Expectations are sort of a subtheme in this year. All of us, at one time or another, want or believe something ought to be a certain way. Expectations, to an extent, are really positive. They keep us accountable to one another, tell us where our limits are, provide us with a sense of safety. But sometimes expectations tell us who we should be even when those definitions don’t fit anymore, or they never did. They prevent us from seeing what we can be and what bounty we can access in our relationships. Sometimes those expectations make us and those we love feel like we aren’t enough. And worst of all, they can lead us on a hopeless journey that will ultimately hurt or harm us.
As I said, this year I have been forced to confront long held expectations that I have had of myself, but I have also had to accept that my expectations of some of my family relationships will not be met. Parting with my expectations hasn’t been easy. I have been grieving lost hopes, feeling a tremendous sorrow in knowing that I will not have the depth or quality of loving that I had longed for. Still I recognize that in letting go of my expectations I forgo a relationship that will never be for a relationship that can be, even if it is very limited. But the grieving comes first.
The final recurring loss of this year was “the final loss”. One of my cats died very unexpectedly this passed Christmas from heart disease. Though he was by no means my favorite cat, I loved him. He took up substantial energy and space in my day to day living. His absence created a vacuum for us all, but most particularly for our youngest child who often called out for her “Buddy” to “come back”. (Walking your children through grief is a pain unto itself for it means witnessing their sense of permanence be shattered.)

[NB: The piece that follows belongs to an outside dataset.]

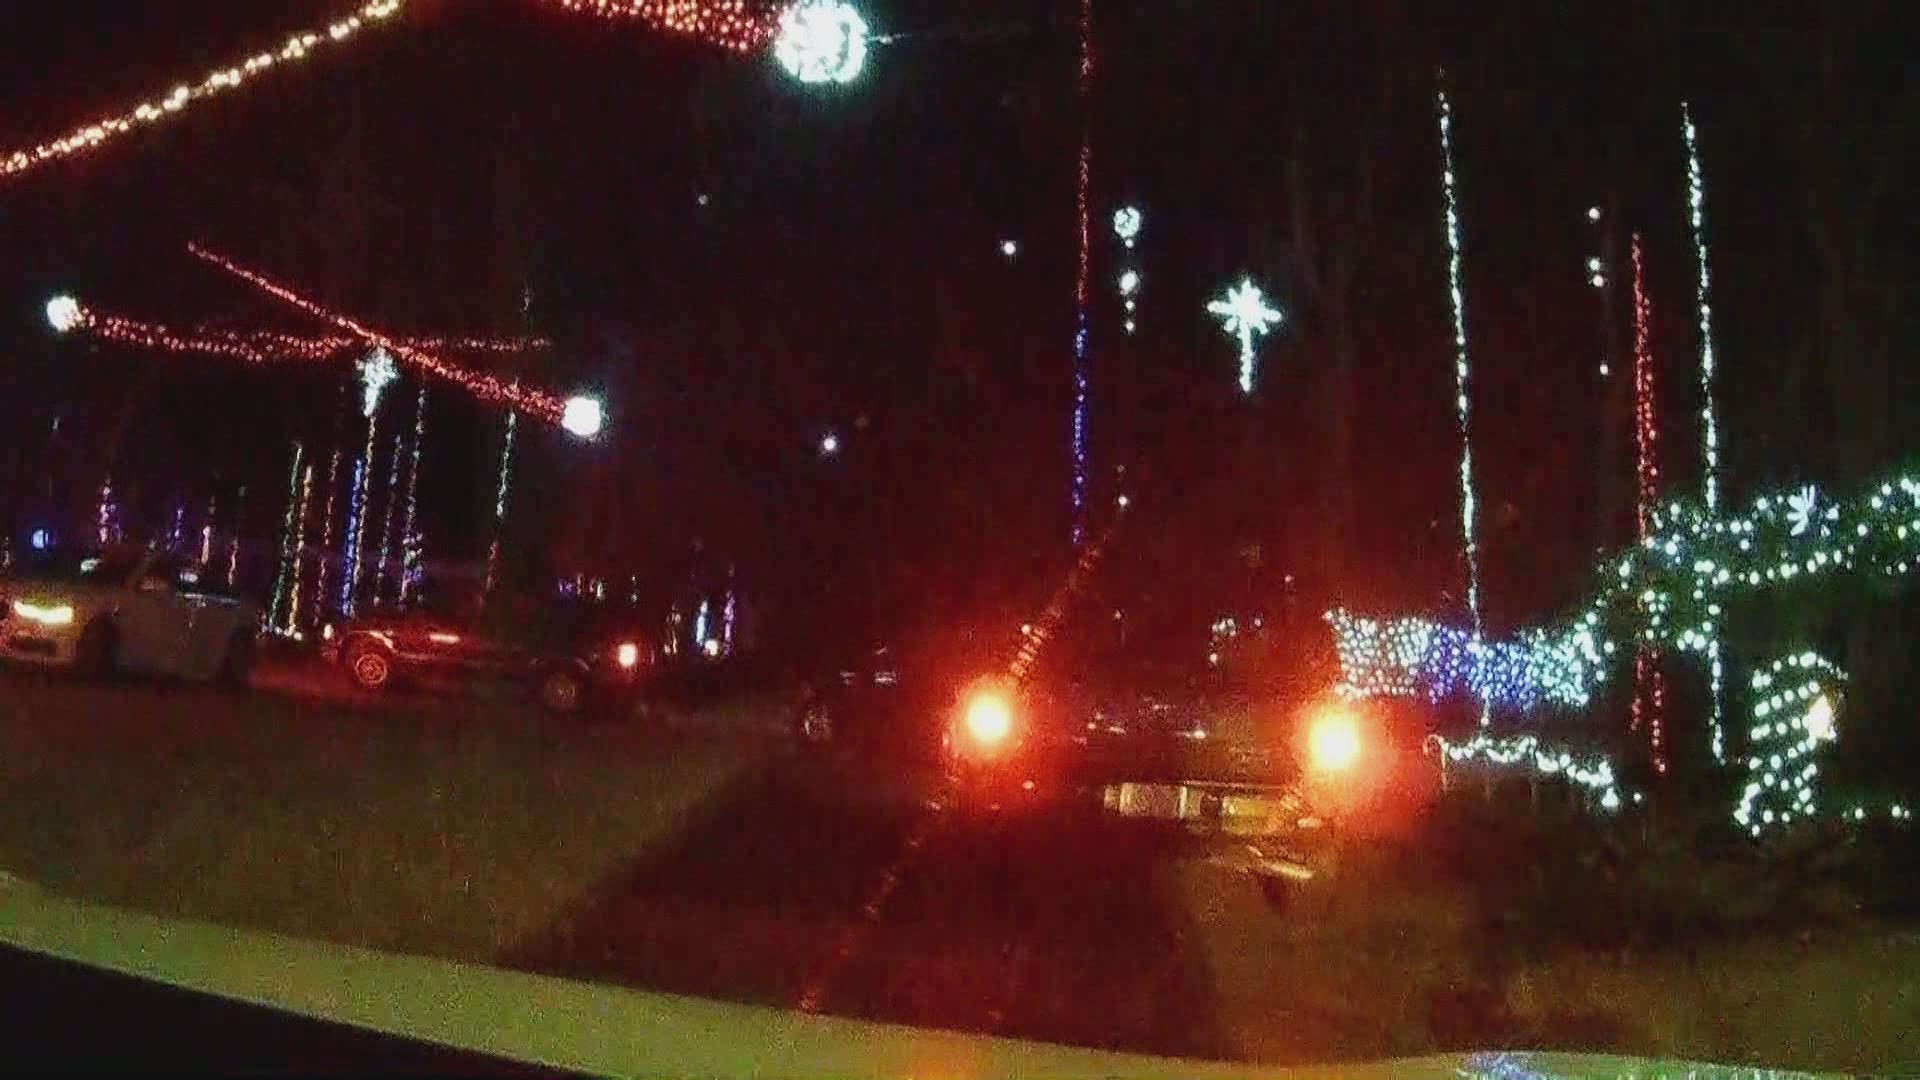 Take a look at the stunning Christmas lights on Girvin Road in Blackhawk Bluff! While the lights are pretty, the traffic pattern enforced by JSO is causing concern.
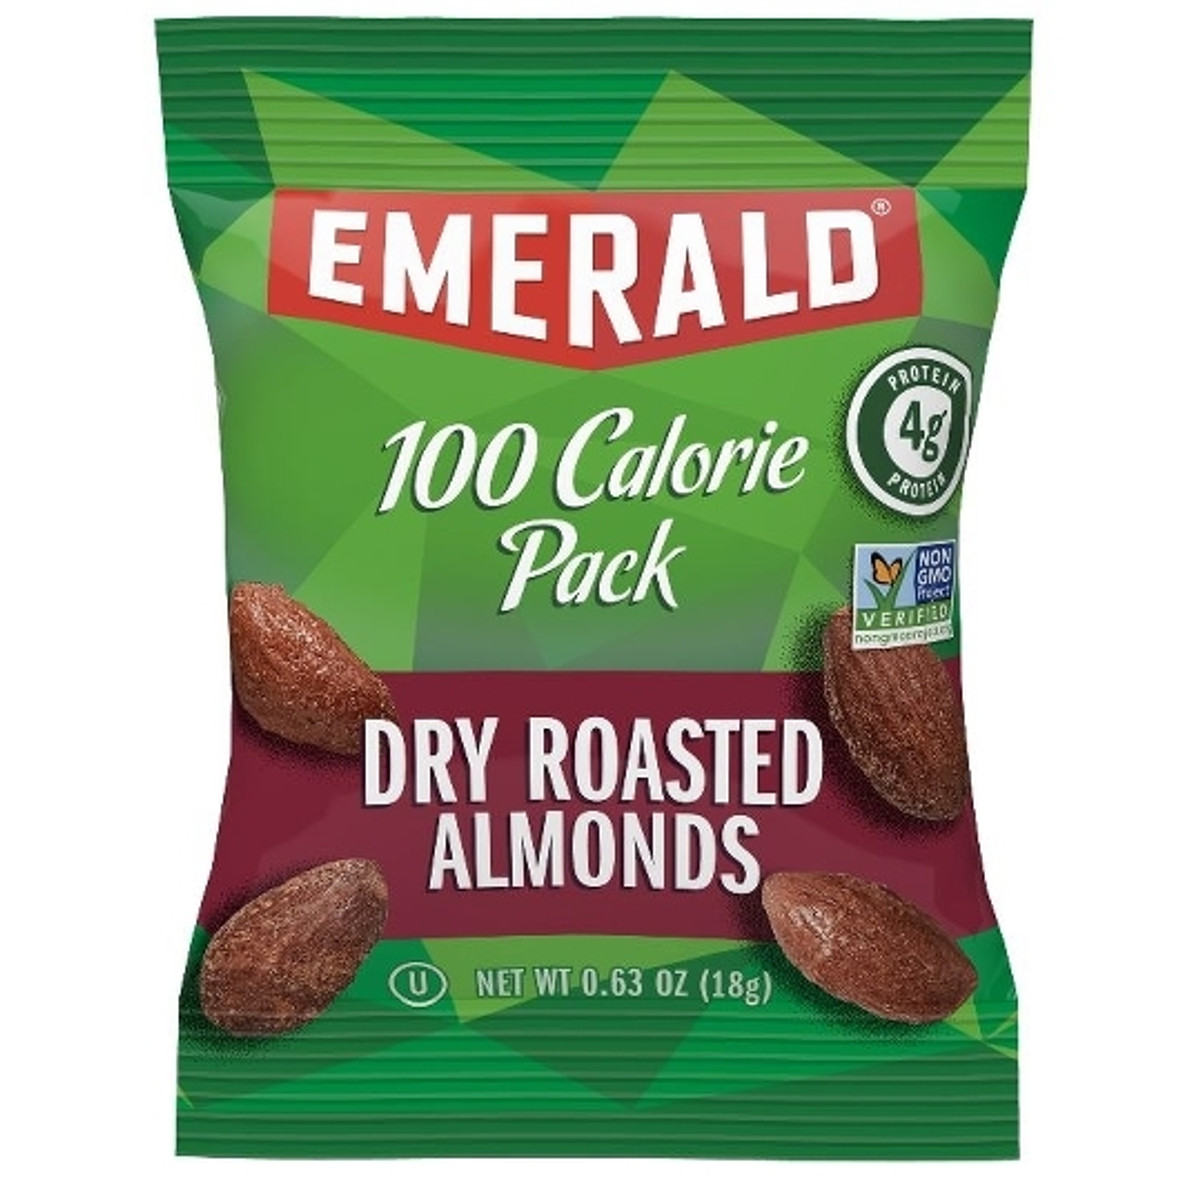 Emerald Dry Roasted Almonds - 100 Calorie Pack, 4.41 Ounce, 12 Per Case

Exactly two months later, shortly after the 10th anniversary of my grandfather’s death, I lost another of the great men in my life, Perry. From the time I was five years old, he was like a second father to me. Though he had been gravely ill for the weeks prior to his passing, his death came as a shock to me. I had hoped to see him once more, to say my good-byes and tell him how much I loved him. When he died four weeks before my scheduled visit, I was devastated. Losing Perry felt like being robbed. For the last several months I’ve felt locked down in a grief that is only now starting to abate.
Despite there being moments of happiness, pride, joy, and gratitude, I swirled around all of my losses as if caught in a long succession of whirlpools. Just as I would break out of one orbit I would be drawn into another. With these losses came grief. And too often with that grief there came a self-centeredness which crippled my ability to reach outward toward love, comfort, and assistance, those things which I needed most to sustain myself. The only thing on my mind most days was being a good mom and getting through the day.
As the summer sun breaks through the ceaseless rain of spring I feel the shift happening again. I know I will have to carry this work with me to some degree, but I am anxious for a new focus. I want my fresh start. Like the forest floor in the aftermath of a fire, I too am cleared out, raw and charred feeling. All that’s left to do is wait to see what new growth will rise up from the emptiness.
2 comments:
Your vulnerability is precious and beautiful. Be patient, and the answers will come. you don't always having to be doing something grand - because you always are anyway! Thanks for sharing your inner thoughts.
I totally relate to this question and strange guilt associated with being a stay at home mom and how that relates to individual purpose. I'm sorry for the loss and pain you have endured this year and greatful that through it you look for the lessons and share with the rest of us.